-- WHAT IS BEING ASKED --
Quote the whole listing word for word. Do not include the pictures.

-- DATASET CONTENT --
═══

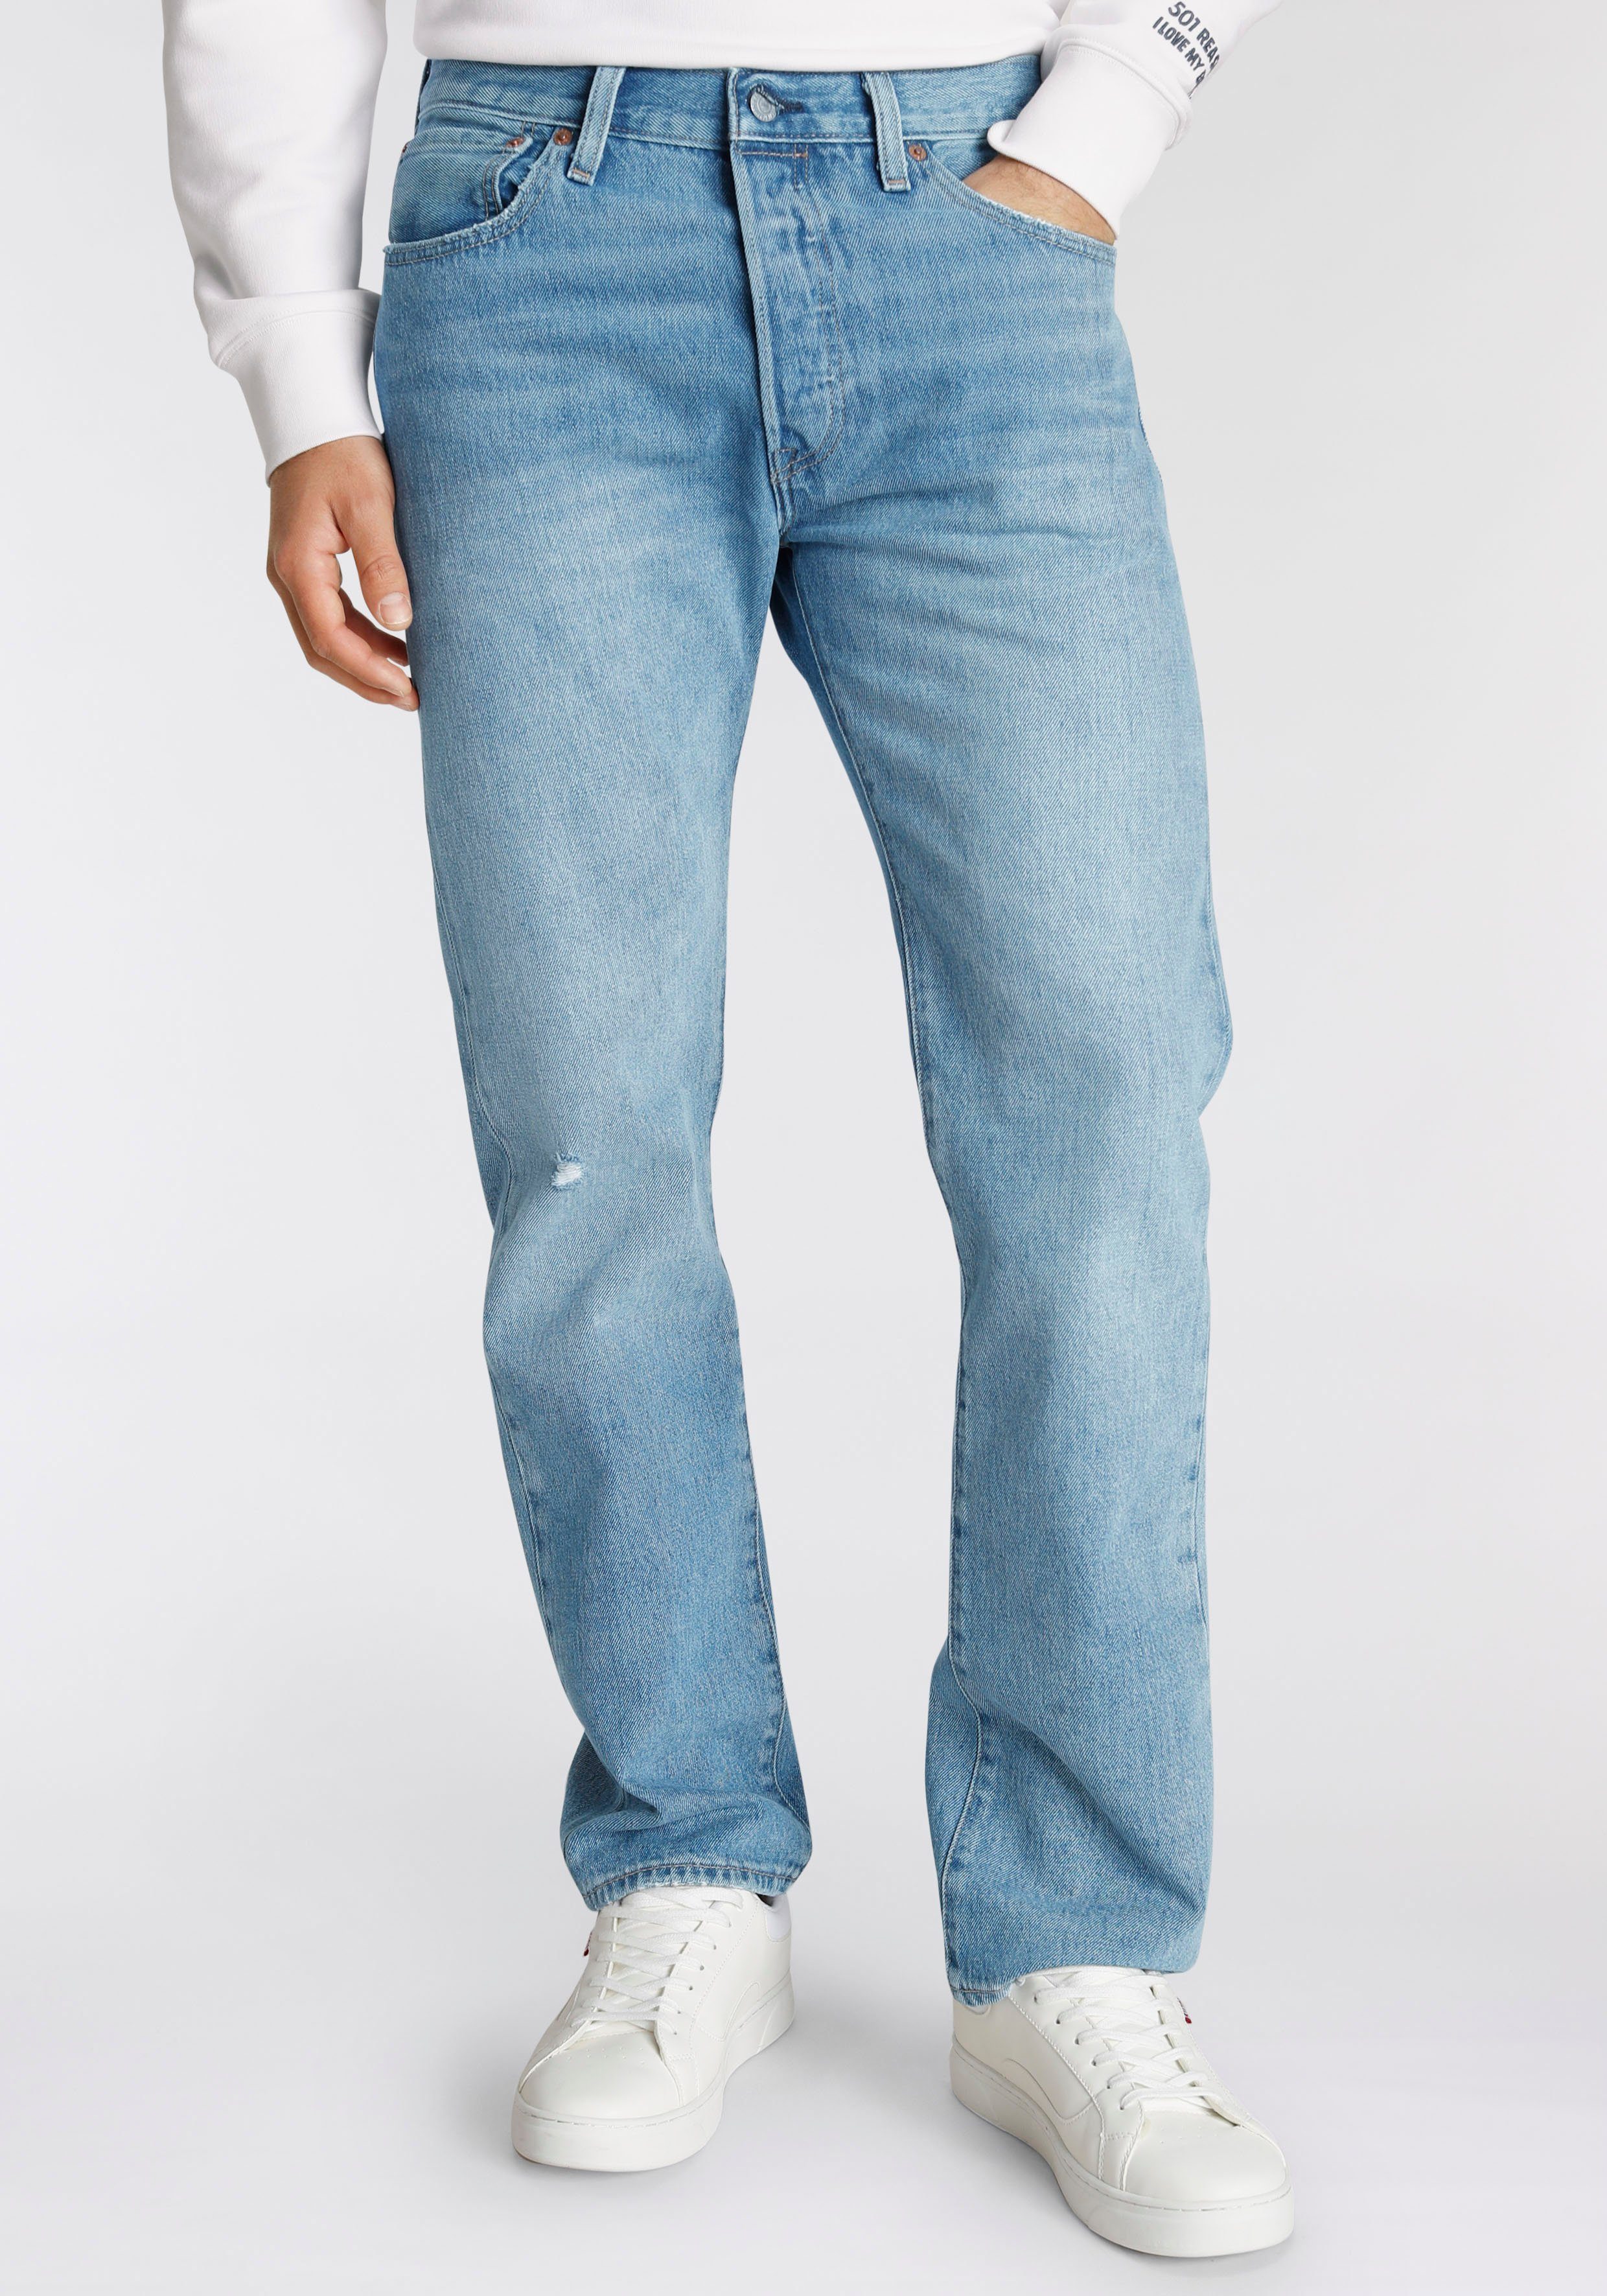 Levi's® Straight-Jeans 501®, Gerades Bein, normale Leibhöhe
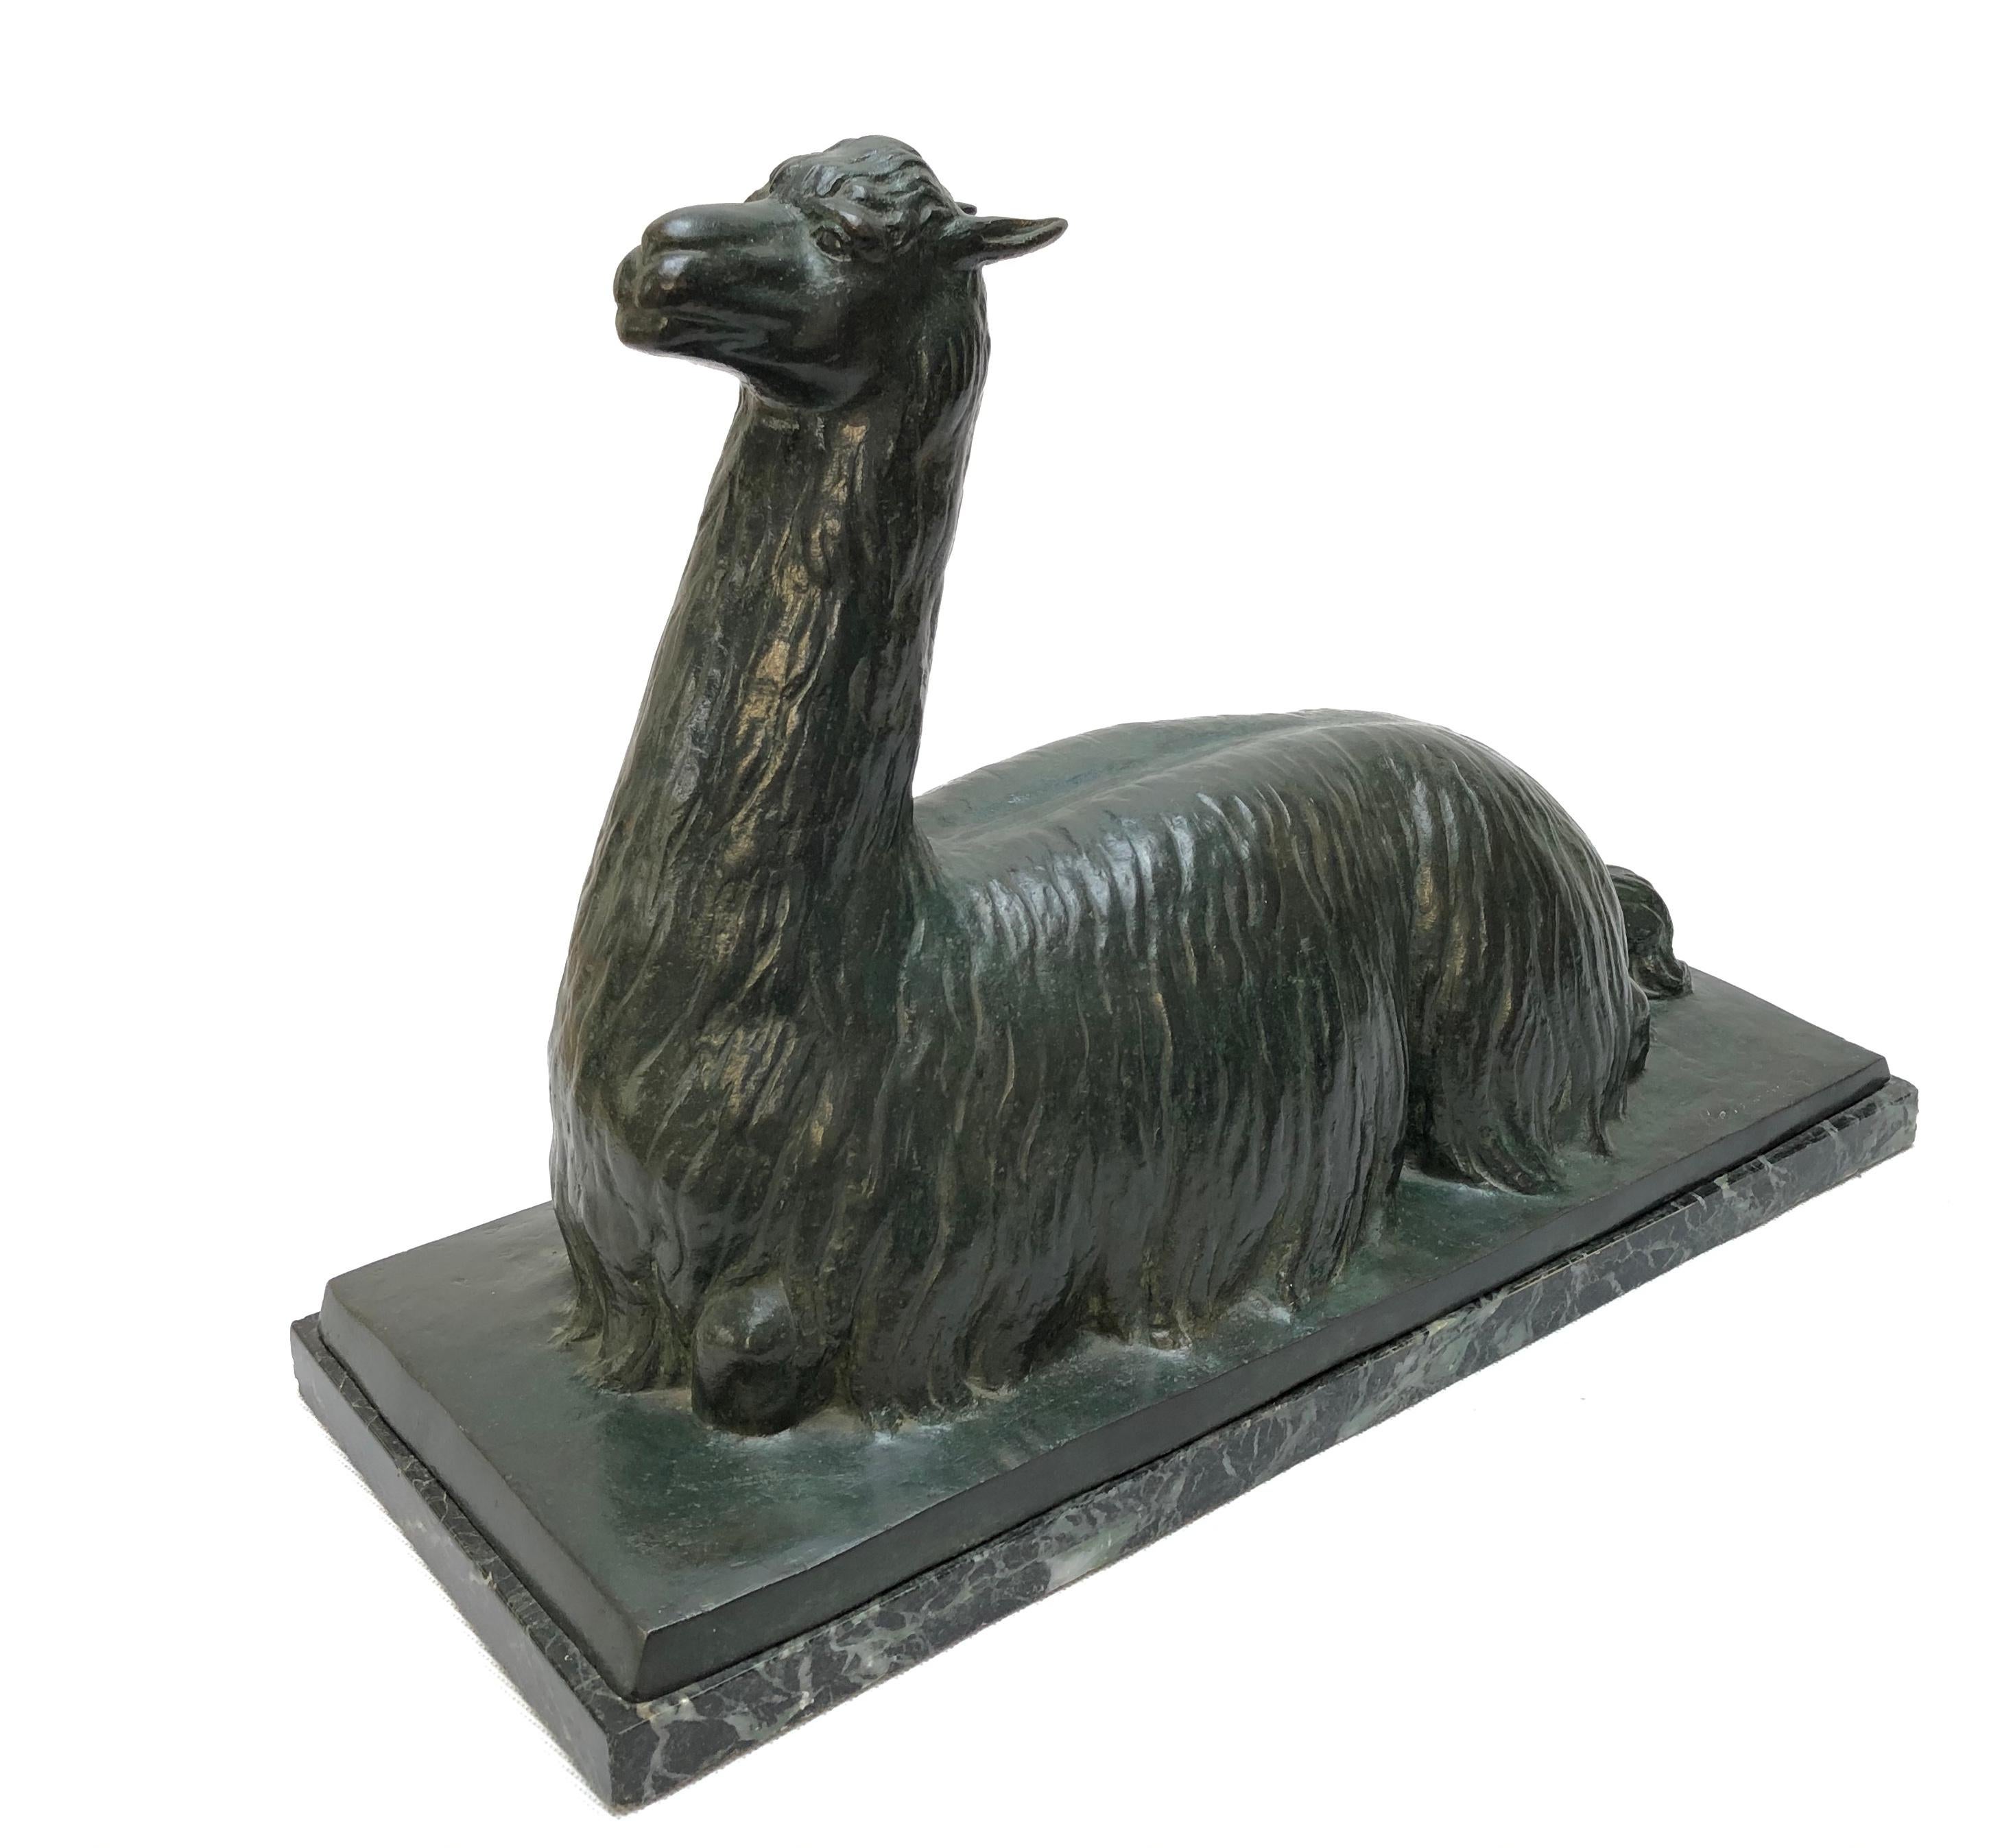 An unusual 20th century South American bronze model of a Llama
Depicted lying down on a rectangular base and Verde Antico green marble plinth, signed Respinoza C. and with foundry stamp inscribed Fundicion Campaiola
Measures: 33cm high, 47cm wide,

═══

-- RESPONSE BELOW --
 Levi's® Straight-Jeans 501®, Gerades Bein, normale Leibhöhe
 An unusual 20th century South American bronze model of a Llama
Depicted lying down on a rectangular base and Verde Antico green marble plinth, signed Respinoza C. and with foundry stamp inscribed Fundicion Campaiola
Measures: 33cm high, 47cm wide,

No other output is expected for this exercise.